• [Stored data]

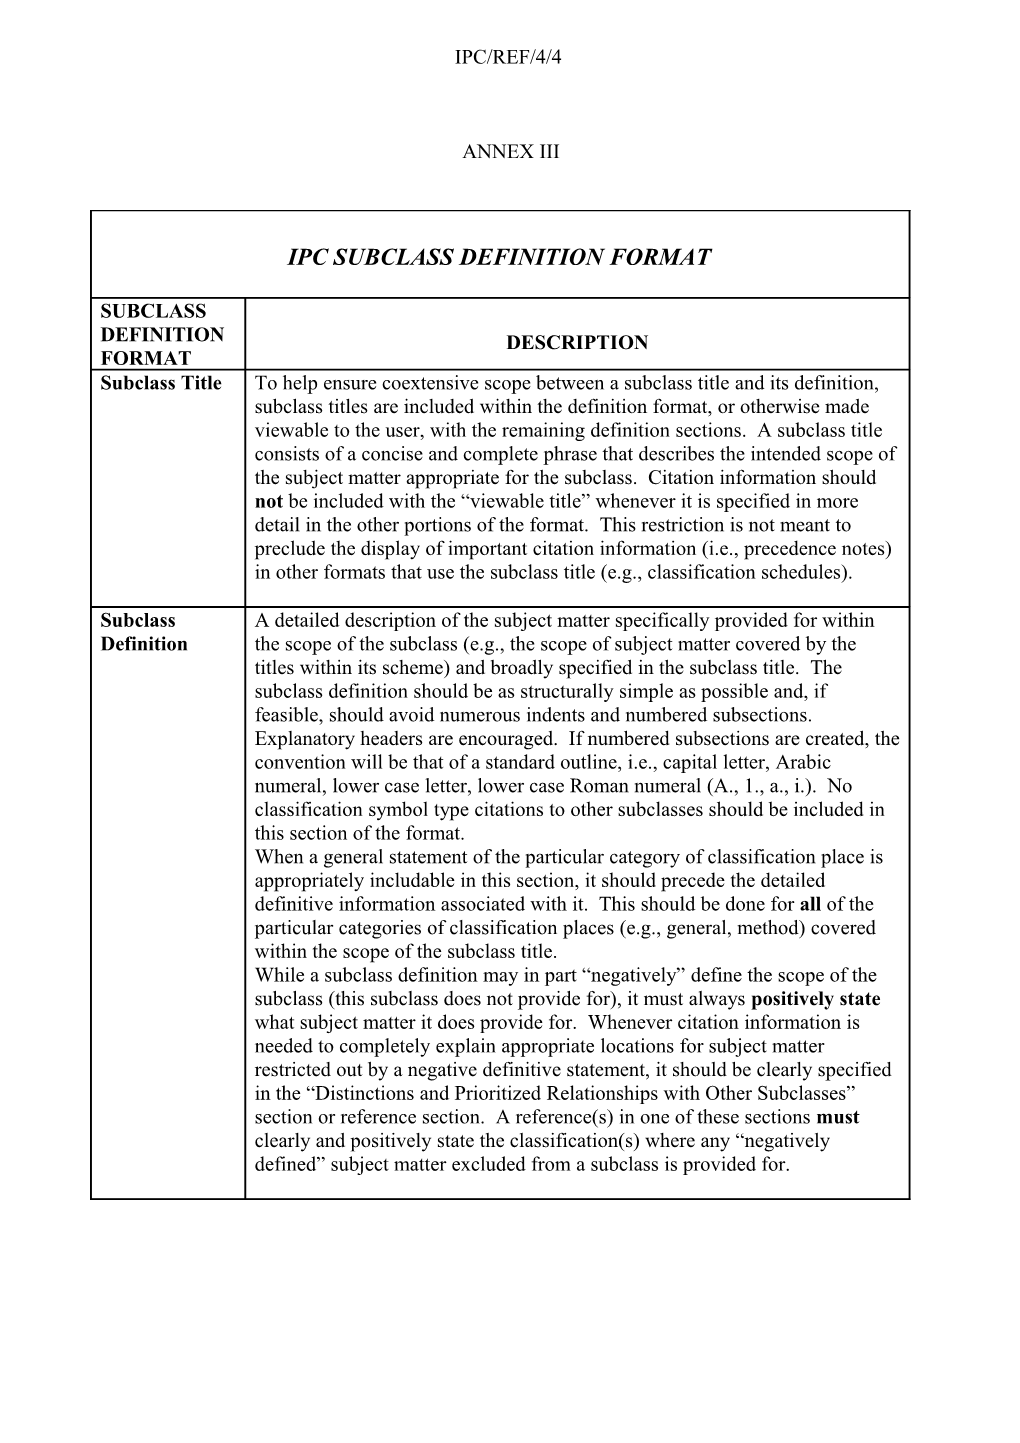 IPC/REF/4/4: Report (Annex 3)
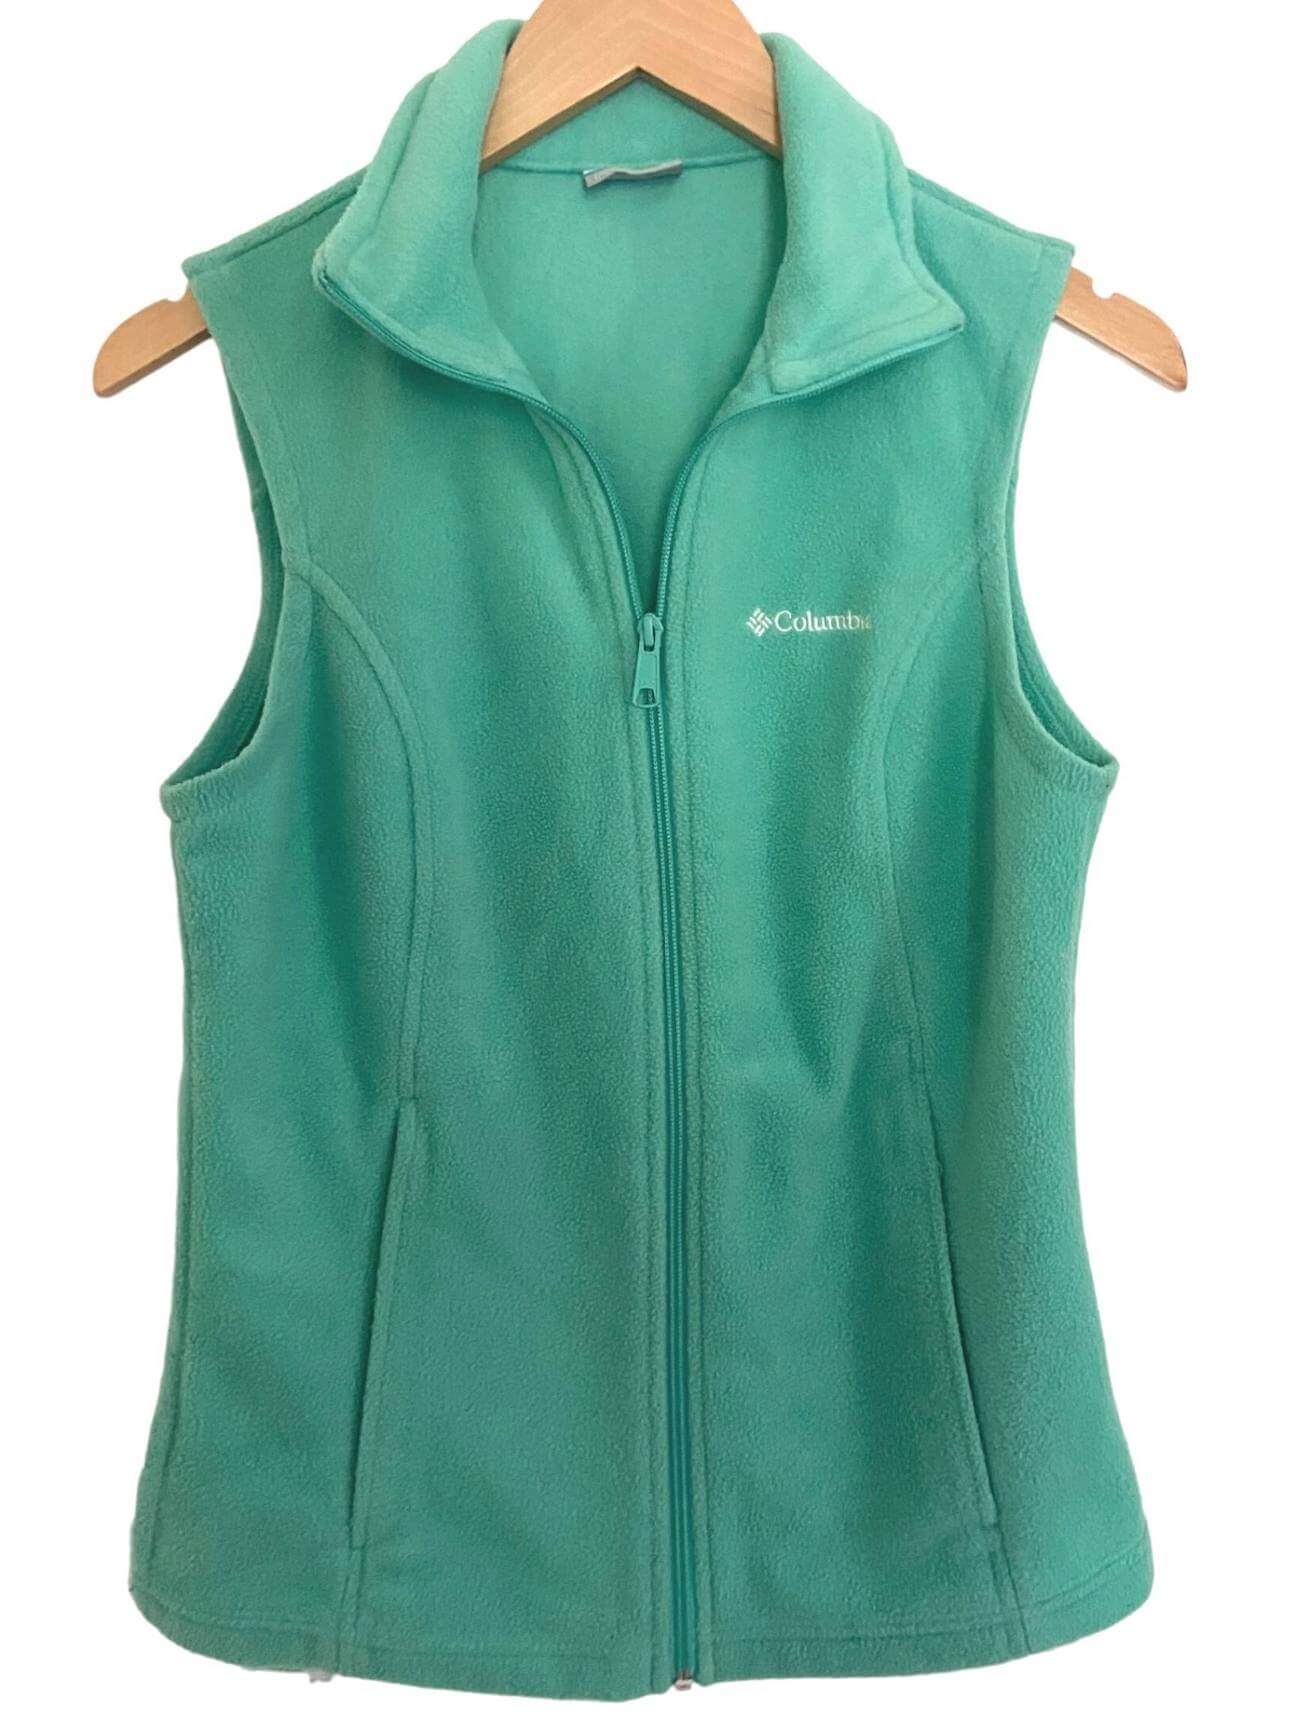 Cool Summer COLUMBIA fleece vest
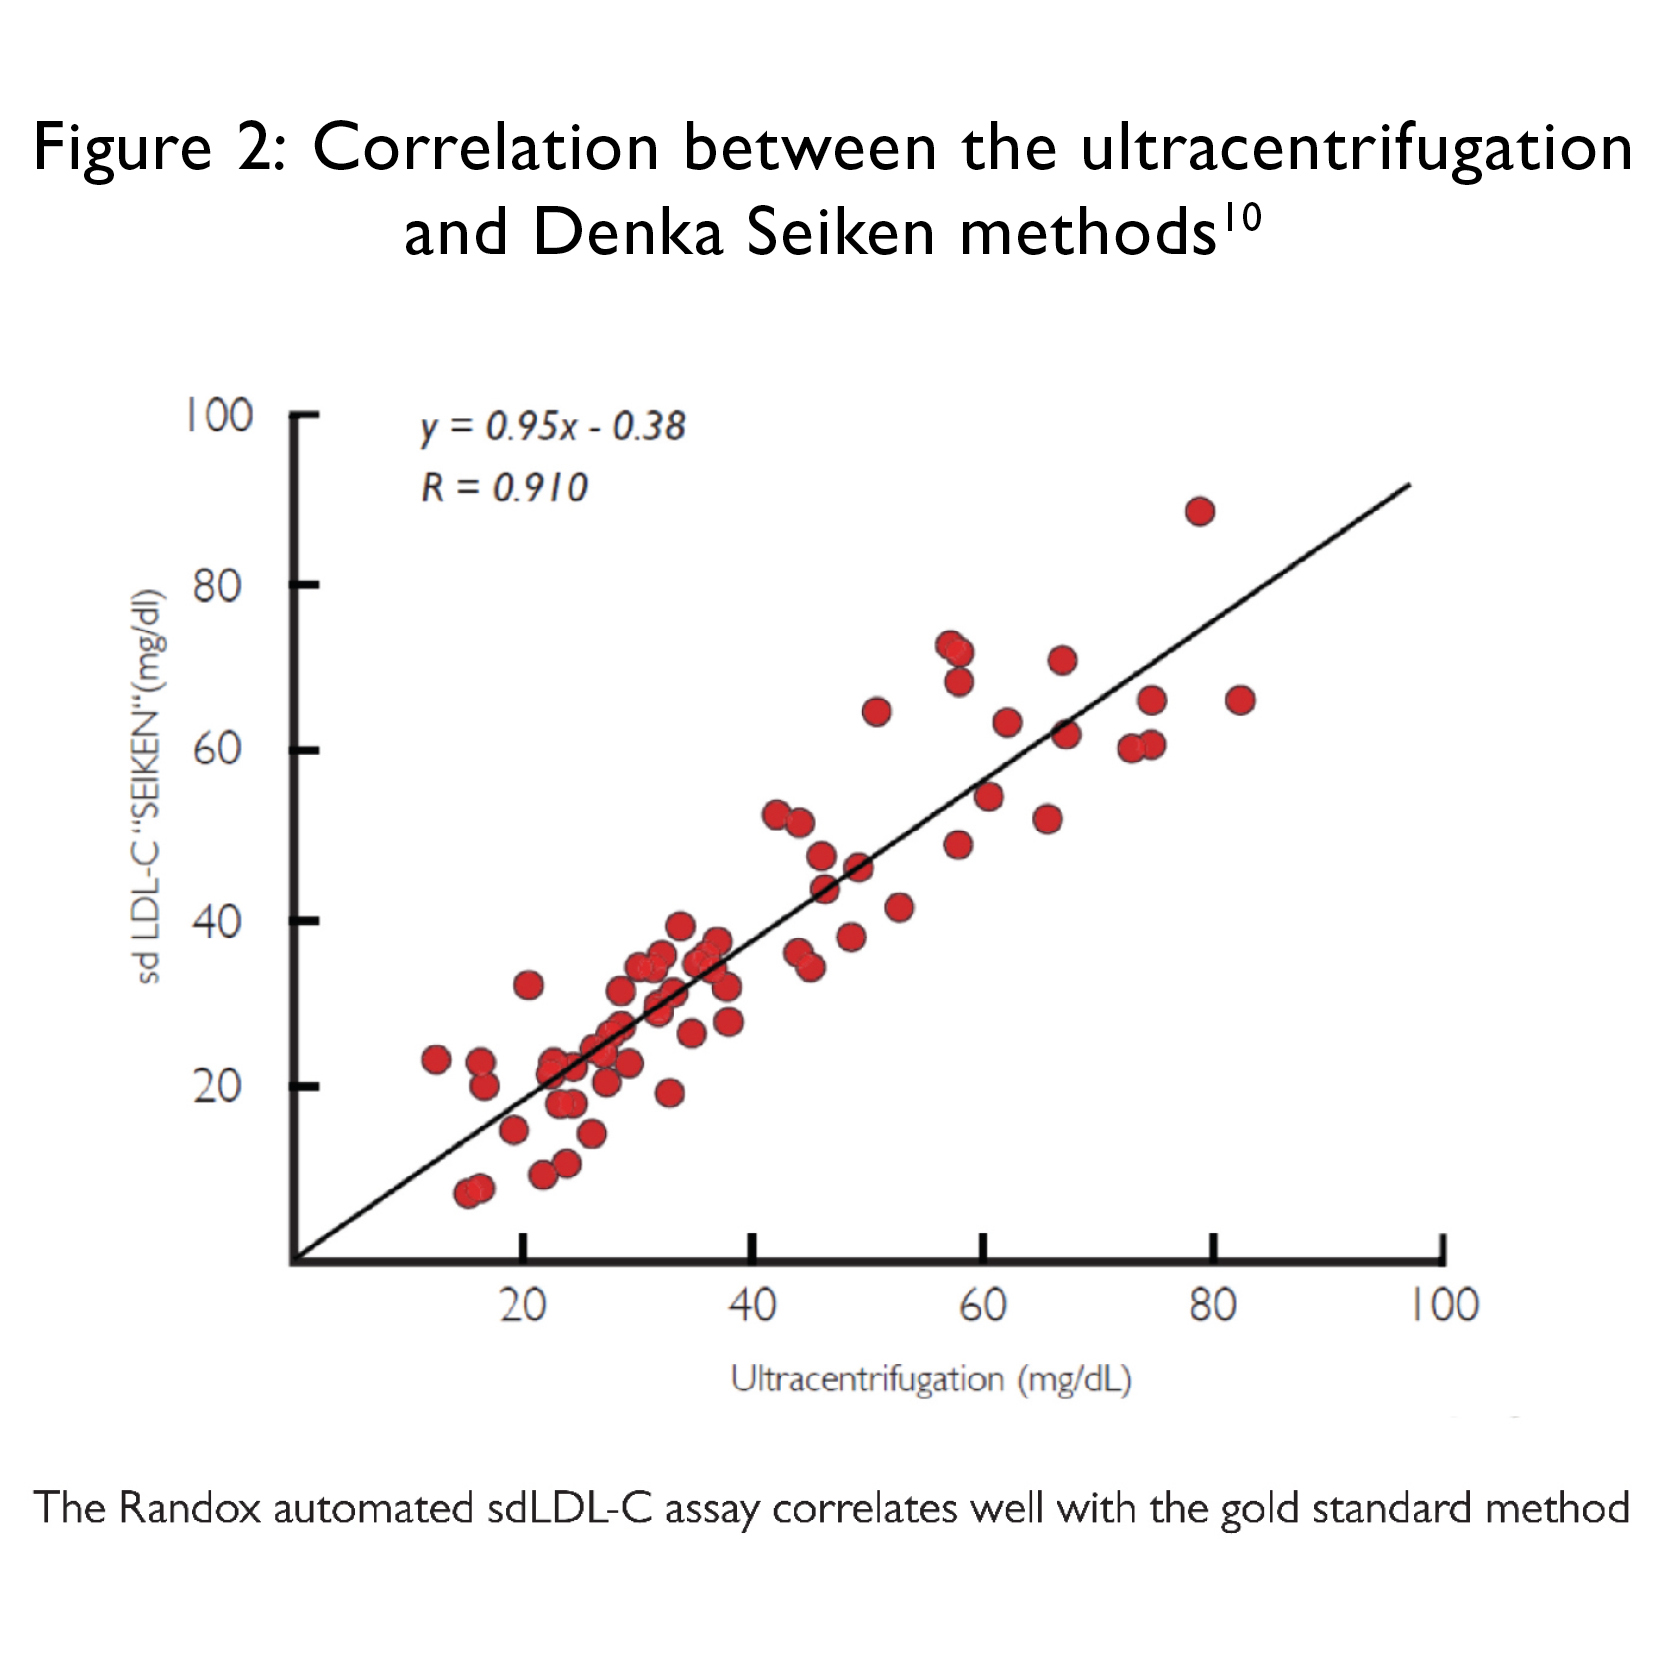 Imagen 2: Correlación entre los métodos de ultracentrifugación y de Denka Seiken (Fotografía cortesía de Randox).

• [What you should do]
Please copy exactly, and only, the lines from the one that contains "Cool Summer COLUMBIA fleece vest" through the last line of the data above, omitting all pictures.

• [Answer area]
 Cool Summer COLUMBIA fleece vest
 Imagen 2: Correlación entre los métodos de ultracentrifugación y de Denka Seiken (Fotografía cortesía de Randox).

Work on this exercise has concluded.